Charles-Quint, fils de Philippe le Beau et de Jeanne d’Espagne, vit le jour à Gand, le 25 février de l’an 1500. « Il naquit sur un trône, dit un historien, au pied de deux trônes. » Prince des Pays-Bas à sa majorité (1515)[1], — souverain d’Espagne, de Naples et du nouveau monde, comme héritier de Ferdinand d’Aragon et d’Isabelle de Castille (1516), — archiduc d’Autriche à la mort de son aïeul Maximilien (1519), Charles ceignit bientôt, la couronne impériale d’Allemagne, et le prince belge put dire avec orgueil : « Le soleil luit toujours sur mes états. »

§ 2. — Affaires extérieures.


1. Quatre guerres contre François Ier.1o François Ier avait aussi ambitionné le diadème impérial. Il avait, comme son heureux rival, dépensé des sommes folles Pour s’assurer les suffrages des électeurs allemands[2]. Irrité de son insuccès, il revendiqua le royaume de Naples, et déclara la guerre à Charles-Quint. Celui-ci trouva un puissant allié dans le roi d’Angleterre, Henri VIII, dont le roi de France avait blessé la vanité, dans la célèbre entrevue du Camp du Drap d’or : une criante injustice de François Ier amena aussi la trahison de son plus illustre capitaine, le connétable de Bourbon, qui passa au service de l’empereur. Bourbon remporta la victoire de Biagrasse, où périt Bayard « le chevalier sans peur et sans reproche », et chassa les Français de l’Italie. François Ier y étant bientôt rentré avec une armée, subit une sanglante défaite à Pavie, en 1525 : il dut remettre son épée au chevalier belge, Charles de Lannoy, après s’être vaillamment défendu. Le soir, il écrivit à sa mère cette phrase célèbre : « Tout est perdu fors l’honneur. »

Le roi de France fut retenu un an captif ; il ne recouvra sa liberté qu’en signant le traité de Madrid, dont les clauses étaient très onéreuses (1526).
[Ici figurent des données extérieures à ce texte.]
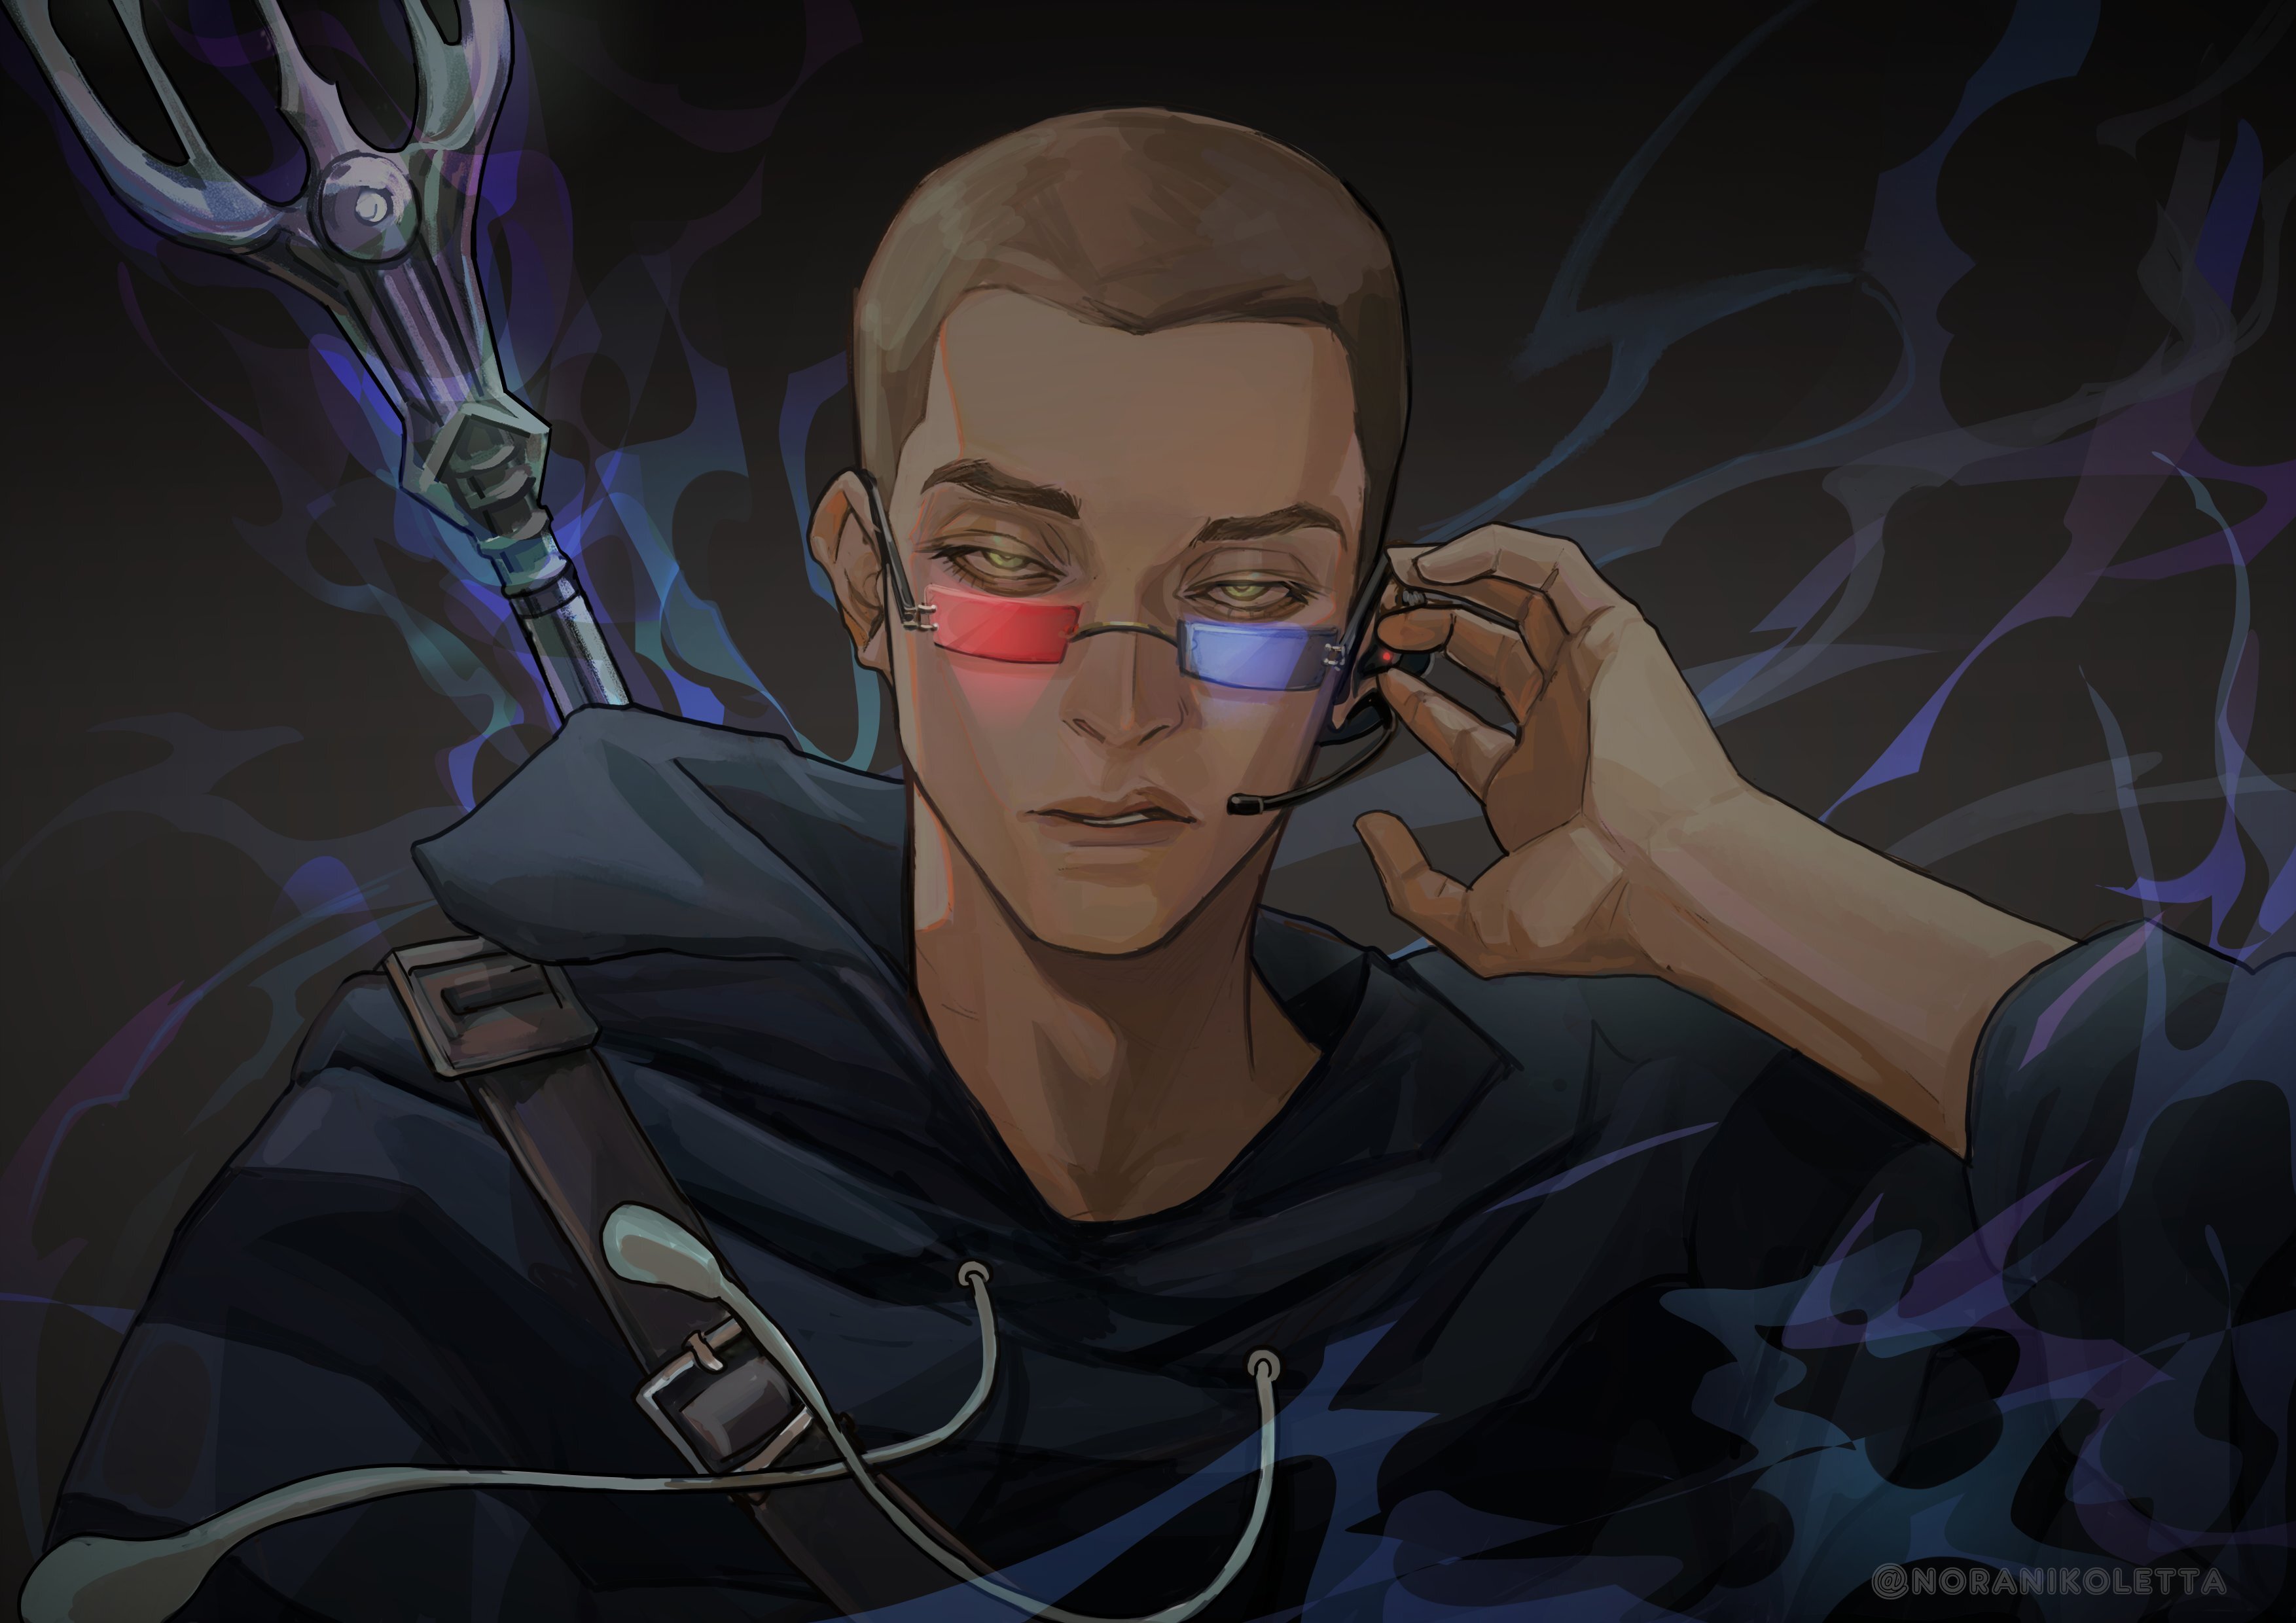 This is a drawing of Jack from the shoulders up. He is posed facing the camera with a focused look to his face. He's wearing an earpiece instead of his headset, making him look like a spy from an early 2000s film. The 3D glasses have been transformed into bifocals with red and blue lenses. He also wears a trident strapped to his back. The background is a simple grey with blue smoky accents.

2° À peine libre, le roi chevalier refusa d’exécuter des engagements qu’il avait jurés par les serments les plus solennels. Il se vantait pourtant « d’estimer plus sa parole que l’empire de l’univers ». Il s’empressa de conclure une alliance avec l’inconstant et frivole Henri VIII et le pape, et la guerre fut reprise. L’empereur triompha de la ligue. Bourbon pénétra en Italie et fit le siège de Rome. Comme il montait à l’assaut, il tomba frappé d’une balle, mais ses soldats prirent la ville et la pillèrent affreusement. De nouveaux revers contraignirent François Ier à solliciter la paix. Charles-Quint la désirait de son côté, car les Turcs en ce moment même envahissaient l’Autriche. Elle fut conclue à Cambrai par Louise de Savoie, mère du roi de France, et Marguerite d’Autriche, tante de l’empereur. La paix des Dames fixait la rançon de François Ier à 2.000.000 d’écus d’or.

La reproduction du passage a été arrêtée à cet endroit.